You can get ice, gas and snacks.


----------



## Kenmorris (Feb 25, 2018)

BassFlats said:


> You can get ice, gas and snacks.


Great, thanks


----------



## lemaymiami (Feb 9, 2007)

Not only is the place up and running in good condition but the current concessionaire is actually committing to greatly improving things with four brand new houseboats (much better than the last ones), and has planned lots of upgrades including places to stay at Flamingo eventually... The concessionaire is the outfit that actually runs all the facilities we all use down there.... so I'm greatly encouraged.

Don't ask how the Park folks are doing - don't get me started....


----------



## Snookyrookie (Sep 9, 2016)

Bob, do you know if the eco-tents are up yet? I’m really excited that they are adding some on site lodging but last time down they weren’t up yet. Thanks in advance!


----------



## Dustin1 (Feb 11, 2007)

FYI, I was told by a ranger a couple weeks ago that the eco-tents will not have sand gnat screen mesh. Brilliant...


----------



## lemaymiami (Feb 9, 2007)

I haven't heard a word about them but I'll listen up and pass any news along... 

At the other end of things - the Park still hasn't replaced the cutting table (or even put up a temporary...) all this time since Irma... Yesterday a visitor was observed cutting fish on his cooler on the seawall - and tossing his carcasses to a croc that was playing a pretty good game of catch... When it was pointed out to him that he was risking a big fine he was surprised and asked - where do you cut your fish then? He was lucky enough to leave before the only ranger around showed up...

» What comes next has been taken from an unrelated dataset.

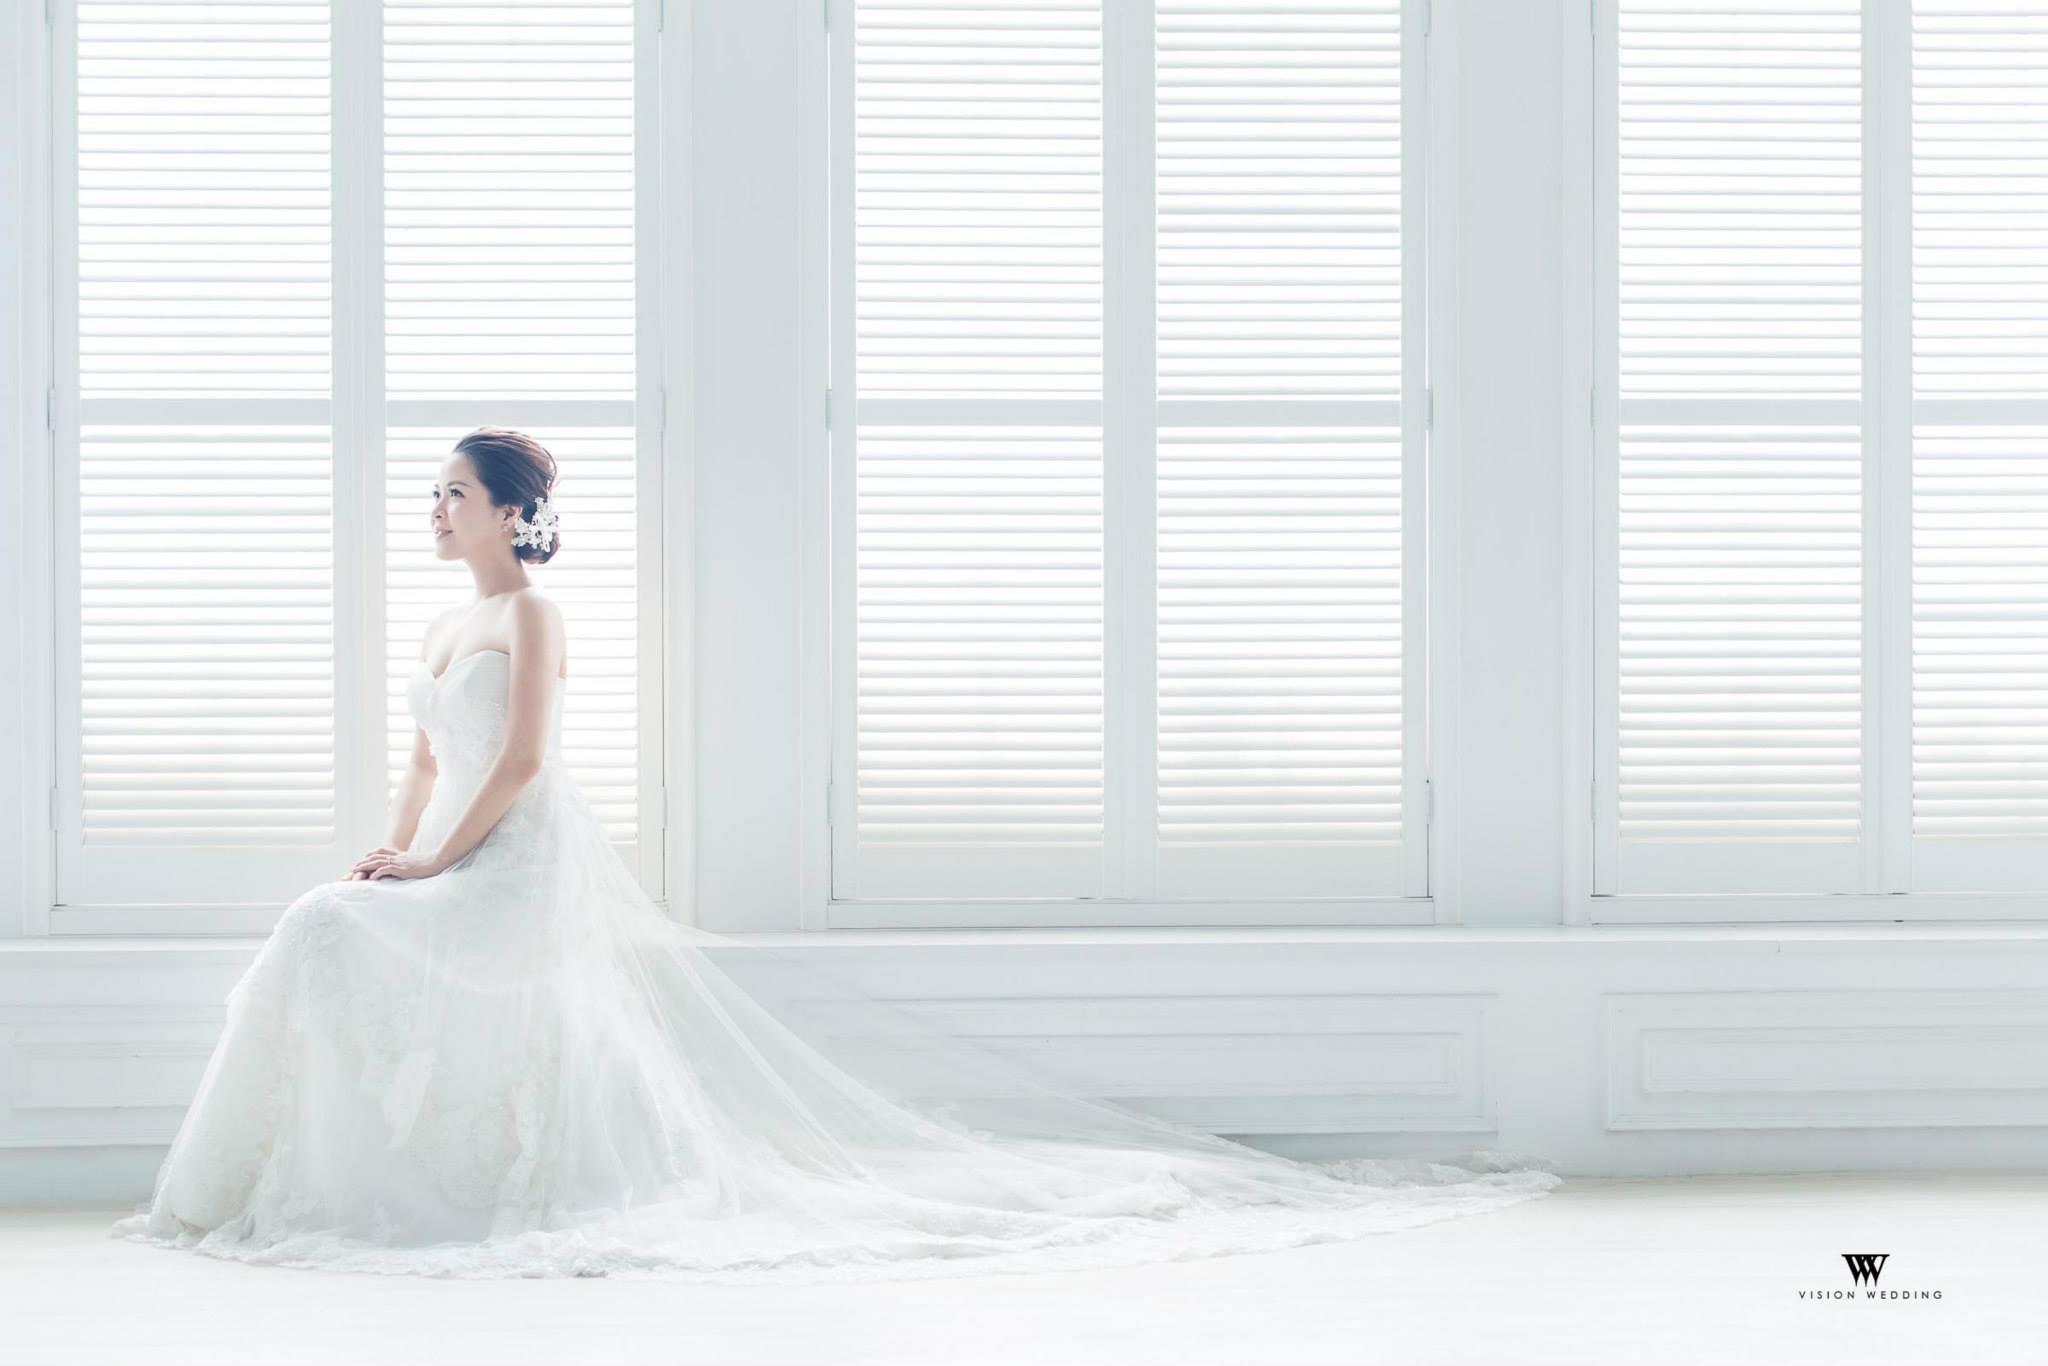 Our beautiful bride to be _Karen.jpg

The concessionaire looks better and better when compared to how the Park is operating...


----------



## krash (Jan 9, 2007)

lemaymiami... rumor is they are starting to put new, or replace old, markers in Mingo...

You seen any sign of this activity ?


----------



## redrum27 (Oct 5, 2016)

Is there any place down there where I can set up my pop up camper??


----------



## BassFlats (Nov 26, 2018)

Yes ,the campground.


----------